Note on our cover image
Augustus Earle (1793–1838)
Bungaree, A Native Chief of New South Wales
(London: J. Cross, 1830)
hand-coloured lithograph; 31 x 20 cm
Rex Nan Kivell Collection NK2652
Pictures Collection an6016167-2
National Library of Australia
Augustus Earle, artist and traveller, was born in London in 1793 and arrived in Sydney in 1825. In New South Wales, he travelled widely and sketched in the Illawarra district, Port Stephens and the Hunter River, the Blue Mountains, Wellington Caves and Port Macquarie. Returning to London in 1830, he published Views in New South Wales, and Van Diemen’s Land, which featured this portrait of Bungaree. He joined HMS Beagle as artist supernumerary in 1831, befriending Charles Darwin. The Australian Dictionary of Biography (ADB) notes that Earle died in 1838, of ‘asthma and debility’, and describes him as ‘a professional artist who painted highly competent portraits, landscapes, and genre scenes of colonial and shipboard life’, adding that his Australian and New Zealand paintings of the later 1820s (now held in the National Library’s Rex Nan Kivell Collection) have both historical and artistic importance.
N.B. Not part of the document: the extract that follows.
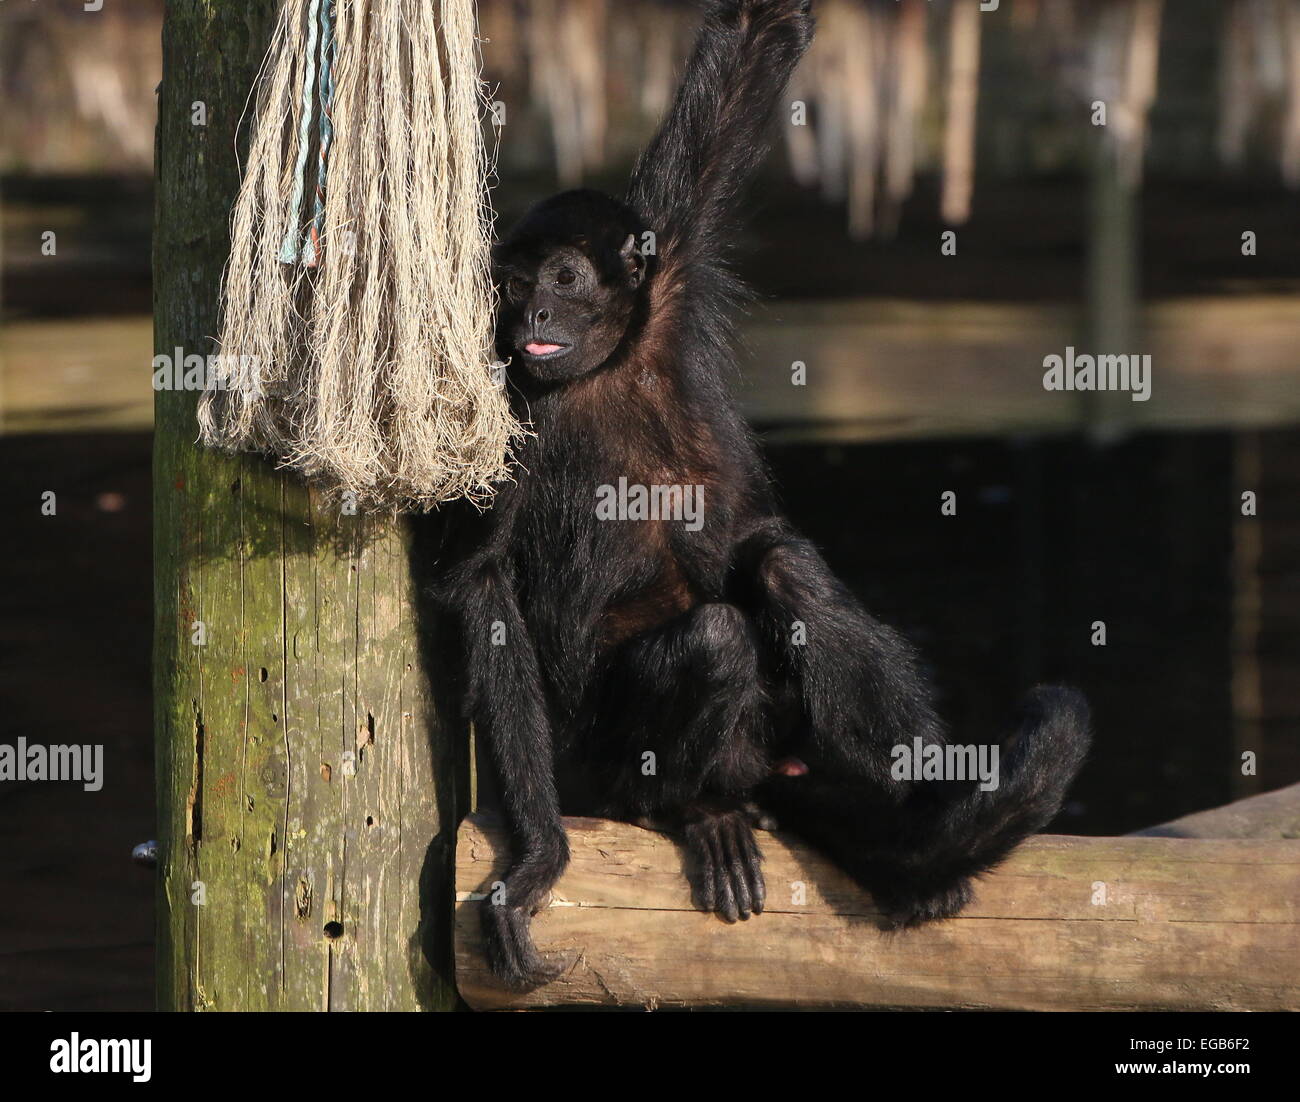 Cabeza negra colombiana mono araña (Ateles fusciceps robustus) en el zoo de Emmen, Países Bajos Foto de stock

Of Bungaree, a man from the Broken Bay group north of Sydney, the ADB notes that ‘Various governors and colonels’ gave him ‘discarded uniforms and a cocked hat; in this garb he lived and slept. He affected the walk and mannerisms of every governor from Hunter to Brisbane and perfectly imitated every conspicuous personality in Sydney.’ He accompanied Matthew Flinders in the Investigator in 1801–02 and was thus the first Aborigine to circumnavigate Australia. A valued communicator, he was commended by both Flinders and King for his bravery and character. He died in 1830 and was buried at Rose Bay.